Jupille (aujourd’hui commune de, pr. et arr. Liège), 10 septembre 1908 − Liège (pr. et arr. Liège), 27 octobre 2001. Employée, militante puis permanente propagandiste de la Jeunesse ouvrière chrétienne féminine, dirigeante des Ligues ouvrières féminines chrétiennes, dirigeante nationale du Mouvement ouvrier chrétien, sœur de Jean Braham.

Marie Braham est la fille de Gaspard Braham, né à Herve (pr. Liège, arr. Verviers) en 1879, fabricant de chaussures à domicile pour des entreprises de Herve puis, après son mariage, artisan indépendant, et d’Anne Hertay, fille de Lambert Hertay, métallurgiste à Vaux-sous-Chèvremont (pr. et arr.
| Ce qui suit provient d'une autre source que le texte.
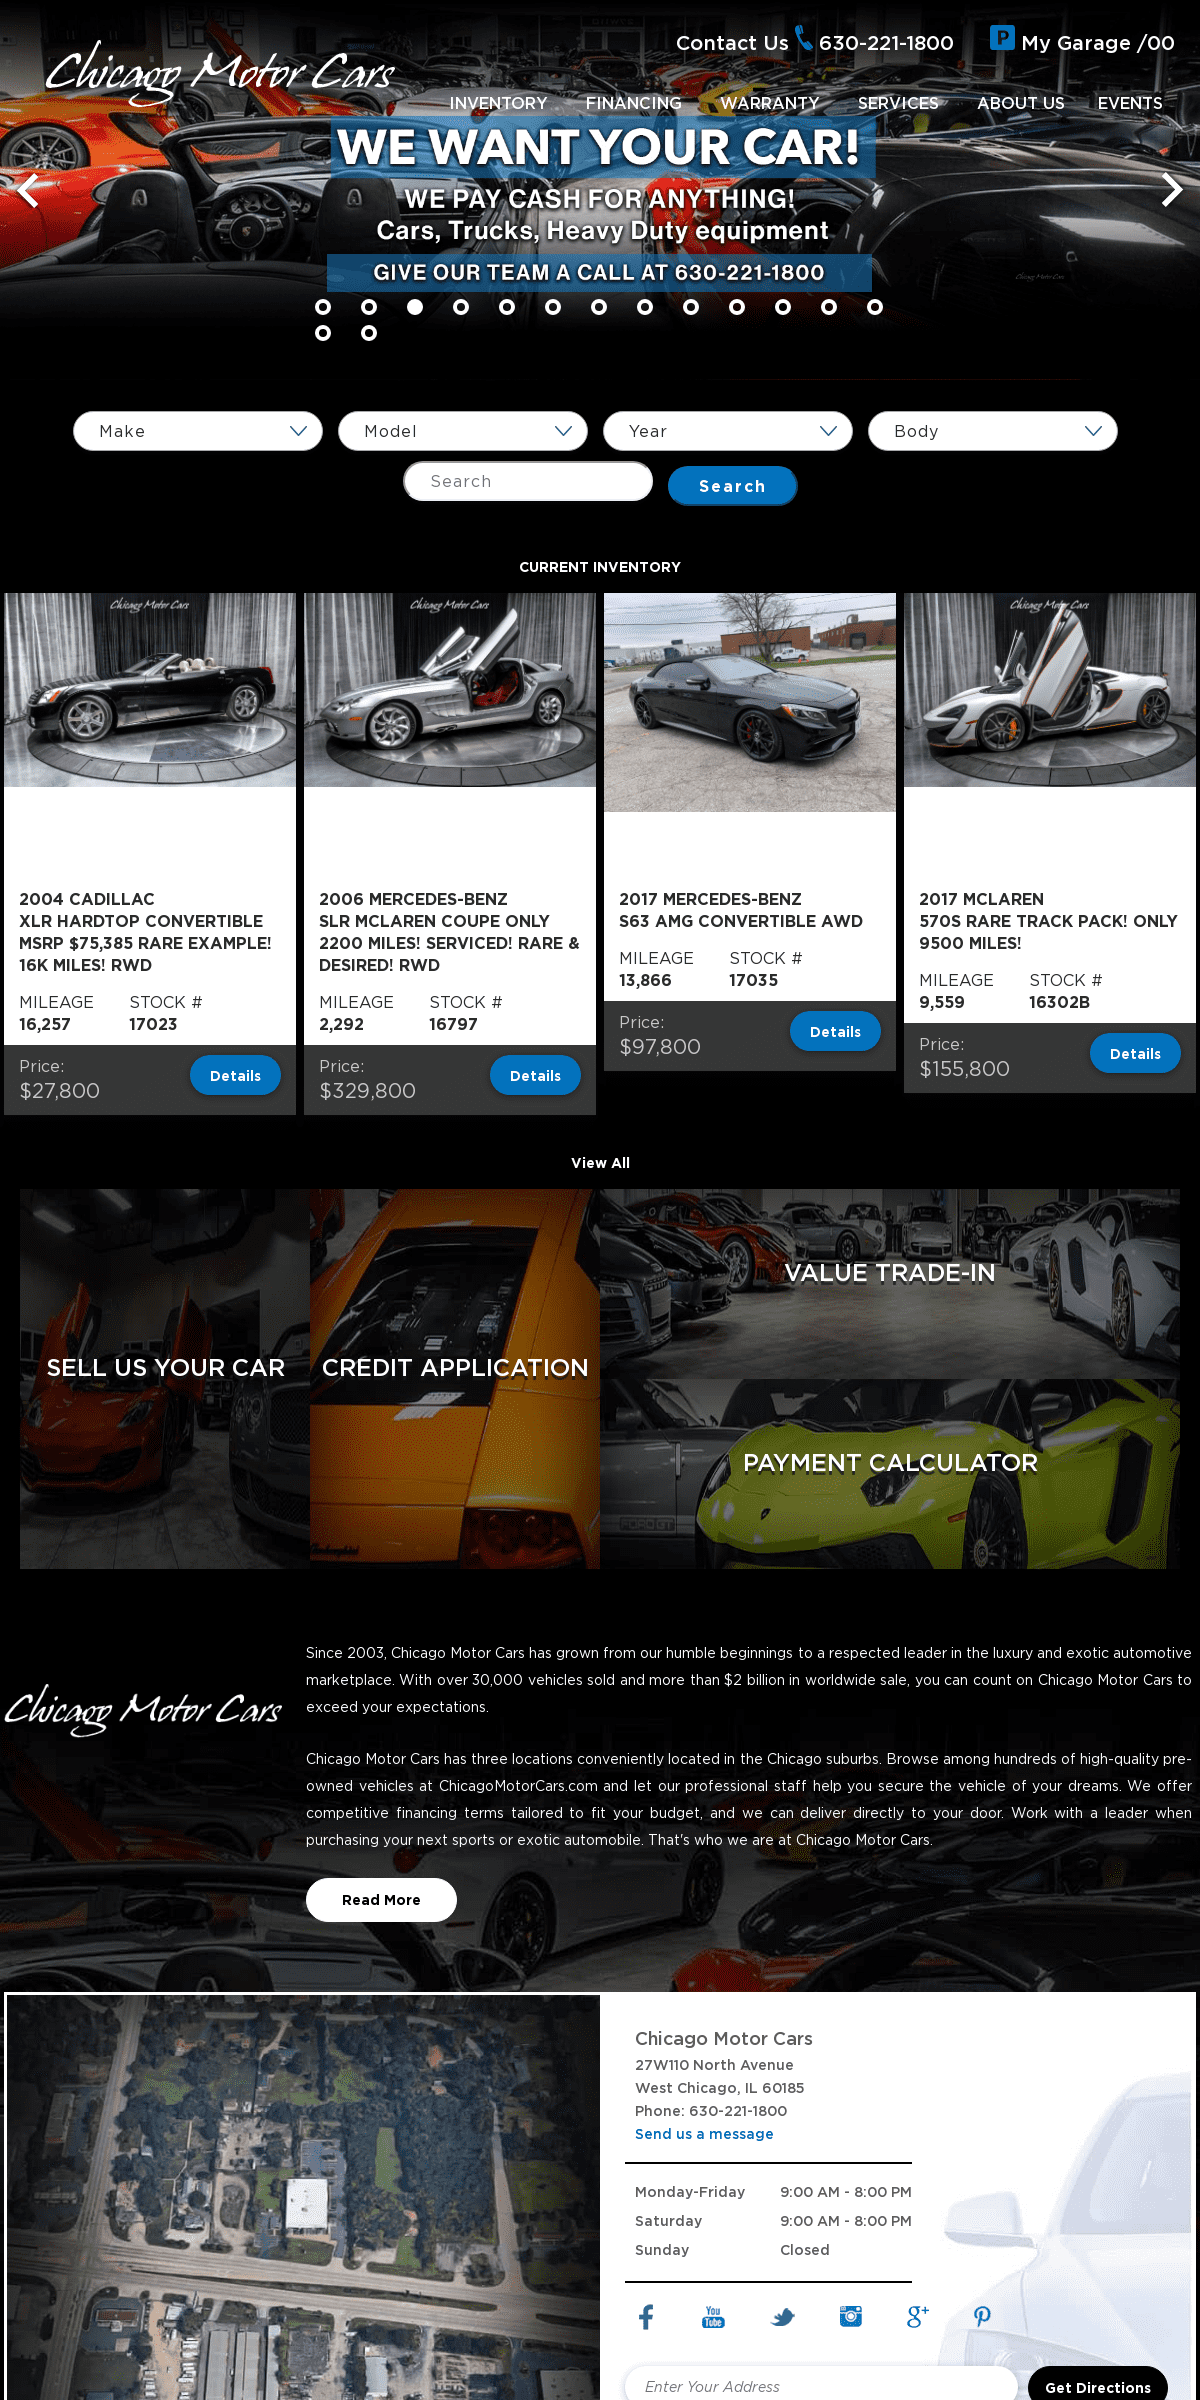 A complete backup of chicagomotorcars.com

Liège), née à Chênée (pr. et arr. Liège) le 20 novembre 1883. Aînée de quatre enfants dont Jean, futur dirigeant syndical, Marie Braham suit, après ses études primaires, deux années de cours de niveau moyen chez les Chanoinesses de Saint-Augustin à Jupille, une troisième année d’études « moyennes » chez les Filles de la Croix à Liège et enfin un an de dessin industriel.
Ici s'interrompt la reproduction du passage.